Trial staff rated reviewing and pre-discussing the protocol as the most helpful way to participate in protocol development. This is in line with Alsumidaie, who states that involvement is mainly about obtaining feedback on how to better operate the study [39]. As the sponsor is responsible for the research question and scientific aspects of the protocol, the trial team could provide valuable input in terms of protocol clarity, implementability and adaptation to trial participant needs. The latter is in line with literature stating that staff input would be particularly important for recruitment and follow-up of trial participants [32] as well as feasibility of scheduled study visits [42]. We consider it essential, that the site, in turn, is transparent and realistic in terms of their capacities.

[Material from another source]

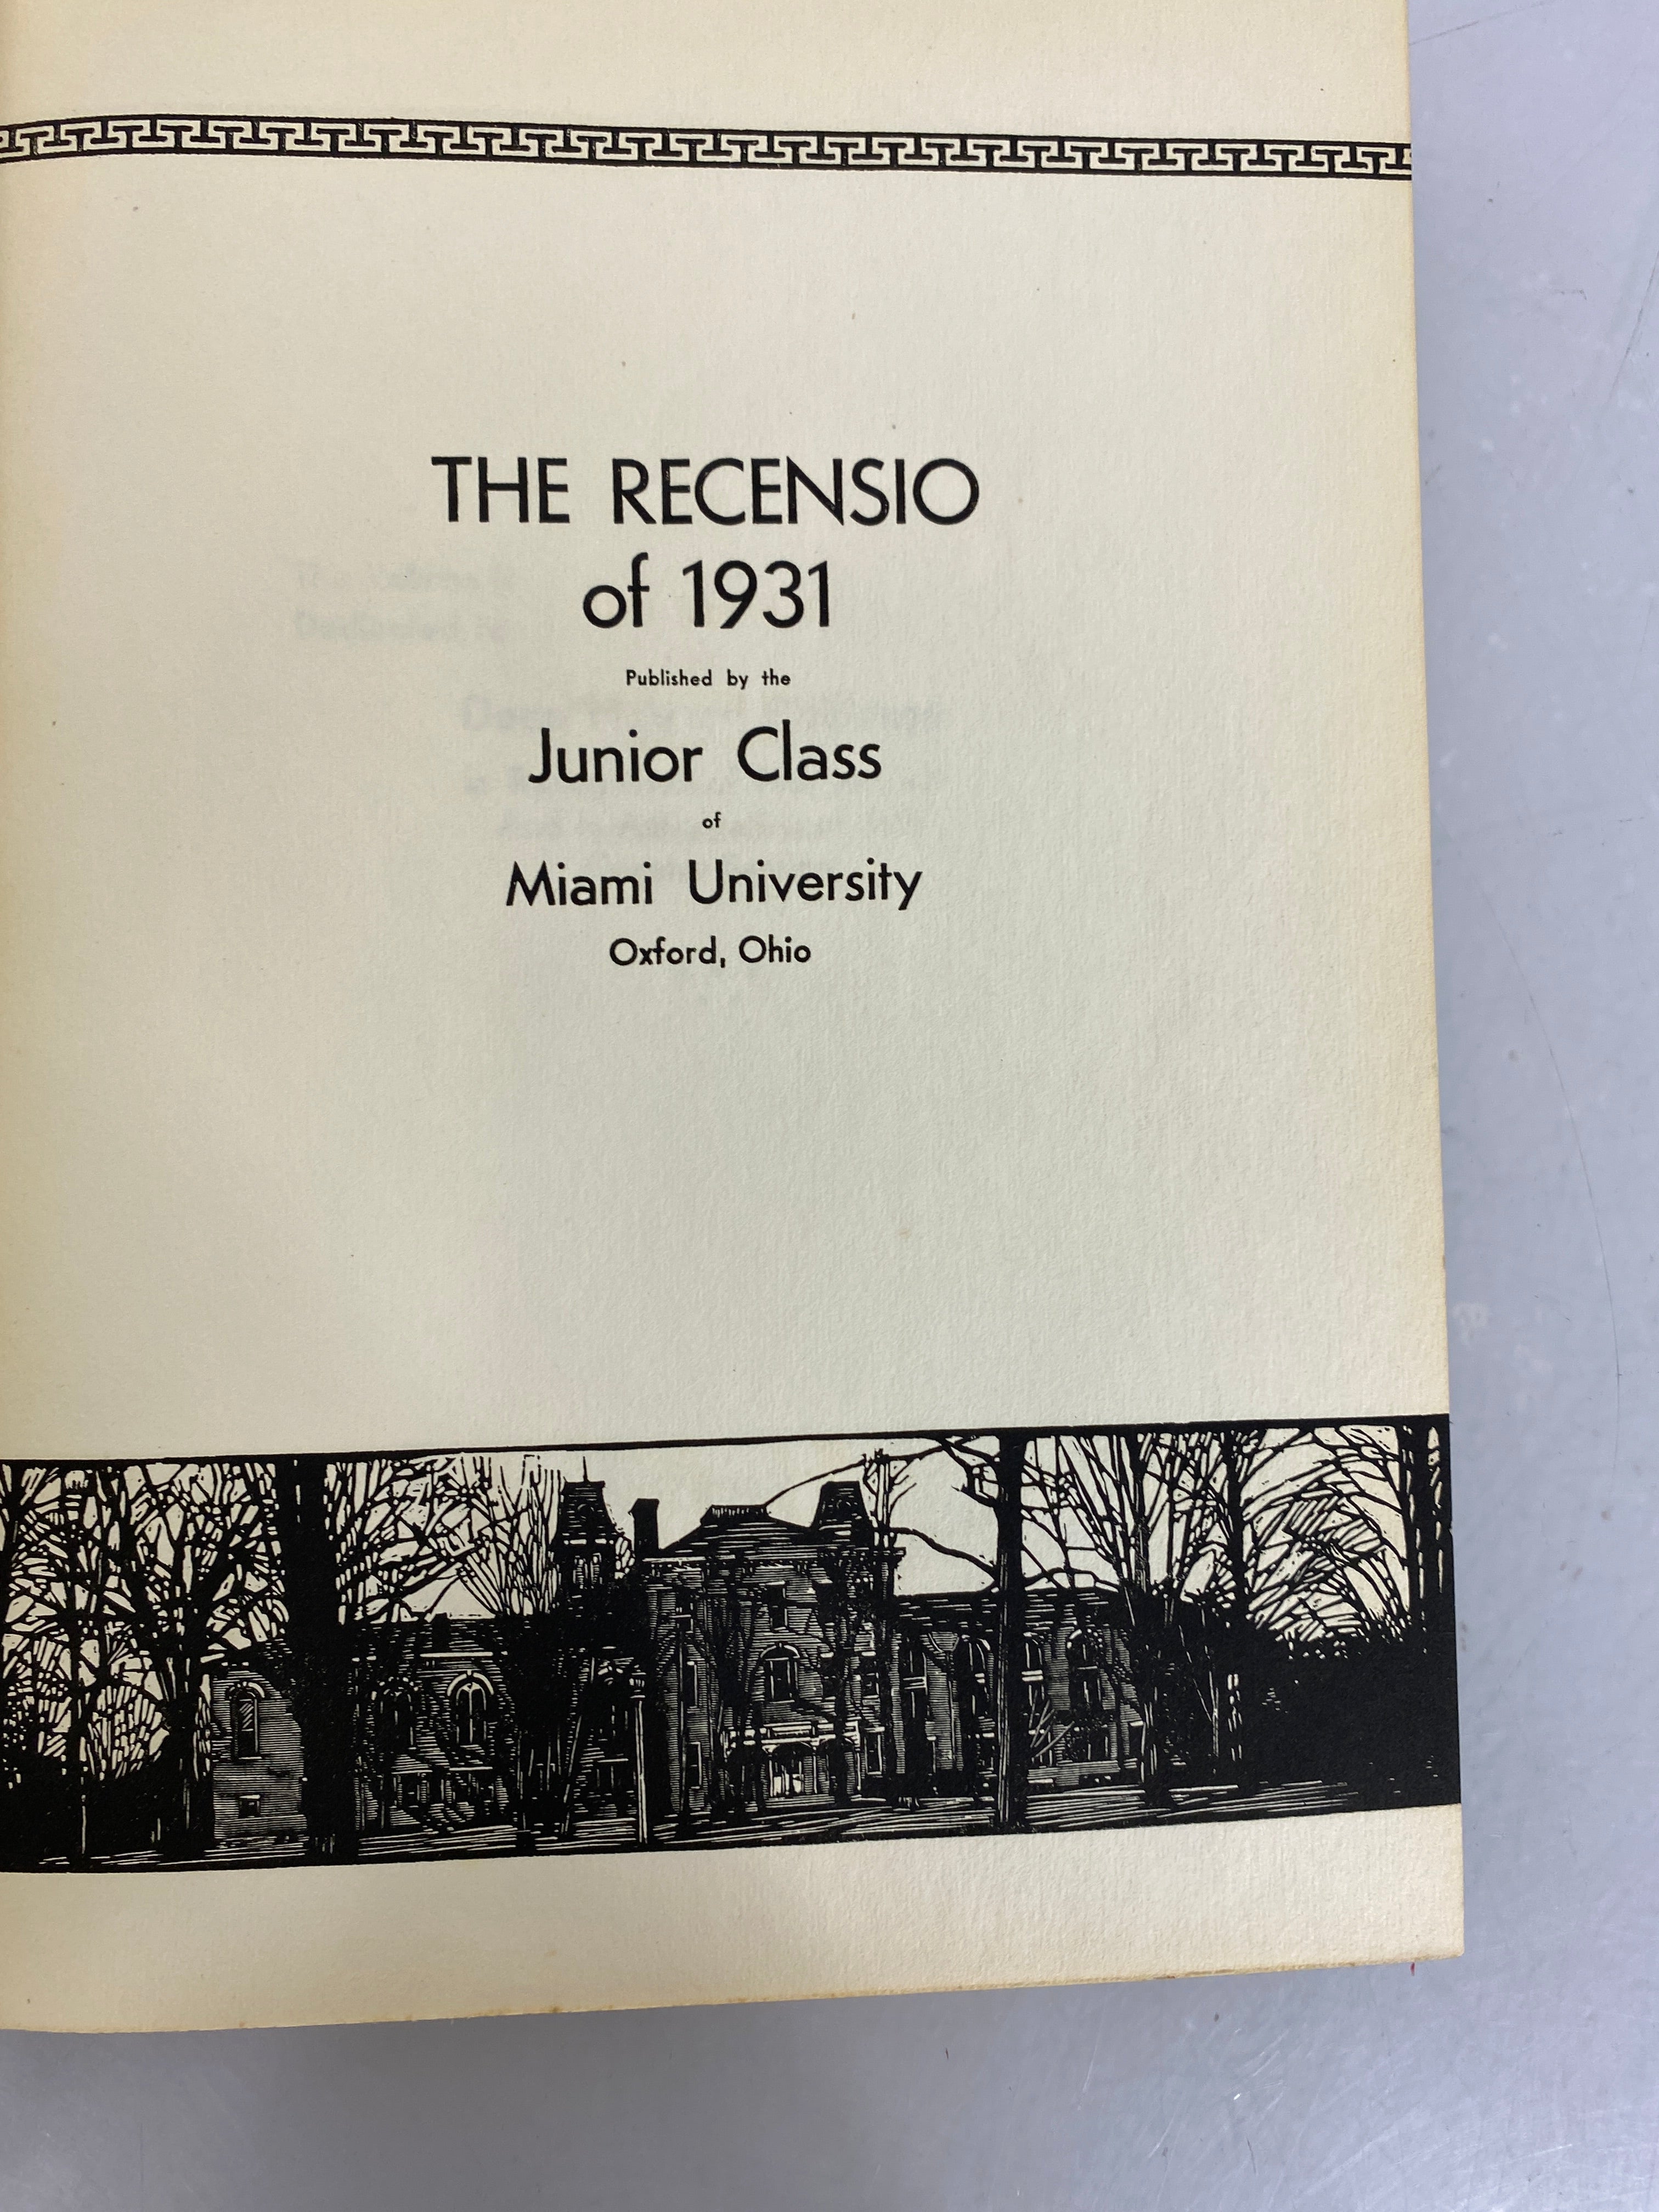 1931 Miami University "Recensio" Oxford Ohio

In addition to increasing protocol suitability, trial staff mentioned several additional advantages of being involved in the protocol preparation process. First, developing an appropriate protocol is a discipline that requires training [31] and, according to interviewees and the literature, involving local trial staff in this process builds capacity and confidence [31, 43]. As there are only a small number of locally initiated trials [44] and limited career perspectives in clinical research [1, 45], this is a crucial skill for investigators to acquire. Second, staff saw being involved in protocol development as a way of improving their preparedness for the trial. Third, having an influence on the project would increase trial staff’s motivation, as opposed to having a project forced upon them. In contrast to a top-down approach, a participatory approach fosters ownership of the trial [38, 43] and is also recommended by the transboundary research principles of the Commission for Research Partnerships with Developing Countries (KFPE) [46]. Experiences from the meningitis vaccine project also show that working closely with study staff can be empowering, strengthen team spirit, boost staff motivation and increase everyone’s commitment [32]. Fourth, it has been stated that mobilising collective intelligence of various people for research protocols is a great benefit for research [47].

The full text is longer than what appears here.